To get started with AutoCleanSS, clone the repository and install it using pip:

1.  **Install dependencies and the package**:
    It's recommended to install in a virtual environment.
    ```bash
    pip install autocleanss
    ```

## 🚀 Usage

Using `autocleanss` is straightforward.

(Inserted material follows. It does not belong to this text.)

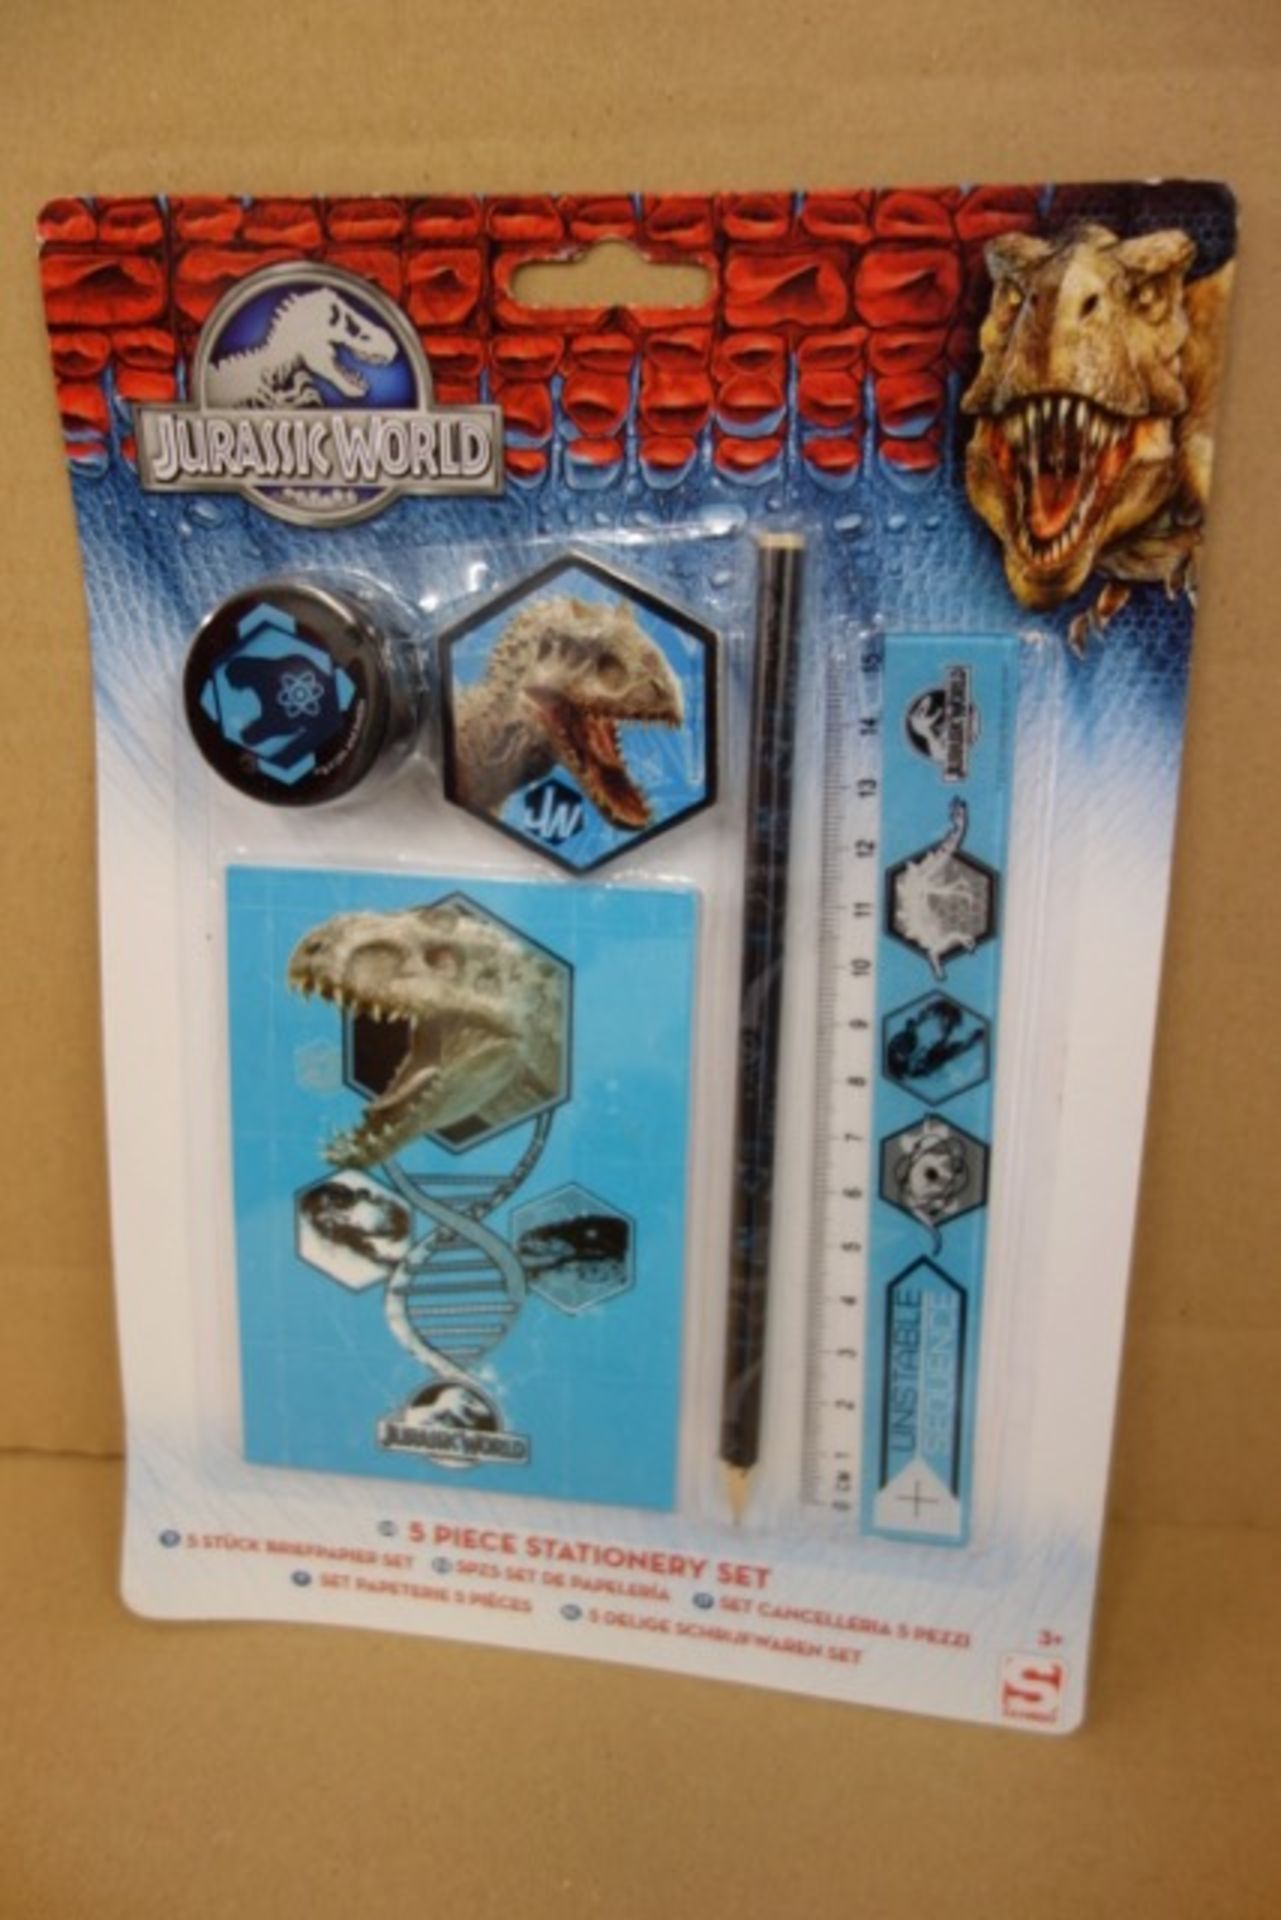 108 x Brand New Jurassic World 5 Piece Stationary Set's. Includes Pencil, Sharpener, Note Pad, Ruler

Here's a quick example:

```python
import pandas as pd
from autoclean import AutoClean

# 1. Load your messy data into a Pandas DataFrame
#    (Replace with your actual data loading, e.g., pd.read_csv('your_data.csv'))
data = {
    'ID': [1, 2, 3, 4, 5, 6, 7, 8, 9, 10],
    'Feature_A': [10.1, 11.2, None, 13.4, 14.5, 100.0, 16.7, 17.8, 10.1, 19.9],
    'Feature_B': ['A', 'B', 'A', 'C', 'B', 'D', 'A', 'A', 'A', None],
    'Feature_C': ['01-01-2023', '02-01-2023', '03-01-2023', '04-01-2023', '05-01-2023', None, '07-01-2023', '08-01-2023', '01-01-2023', '09-01-2023'],
    'Feature_D': [5, 6, 5, 7, 8, 9, 10, 11, 5, 12]
}
df = pd.DataFrame(data)

print("--- Original DataFrame ---")
print(df)
print("\n" + "="*40 + "\n")

# 2. Initialize the AutoClean object with your DataFrame
#    You can specify an imputation strategy: 'mean', 'median', 'mode', or 'knn'
cleaner = AutoClean(df, imputation_strategy='knn')

# 3. Run the cleaning process
cleaned_df = cleaner.clean()

print("--- Cleaned DataFrame ---")
print(cleaned_df)
print("\n" + "="*40 + "\n")

# 4. Generate a comprehensive HTML report
#    The report will be saved as 'cleaning_report.html' in your current directory.
cleaner.generate_report(output_path='my_cleaning_report.html')
print("✅ Cleaning report saved to 'my_cleaning_report.html'")
```

This will produce a `my_cleaning_report.html` file in your project directory, detailing all the cleaning steps and showing the impact on your data.

You can use 
``` python
from IPython.display import HTML
HTML(filename='cleaning_report.html')
```
In your notebook to visualize the report.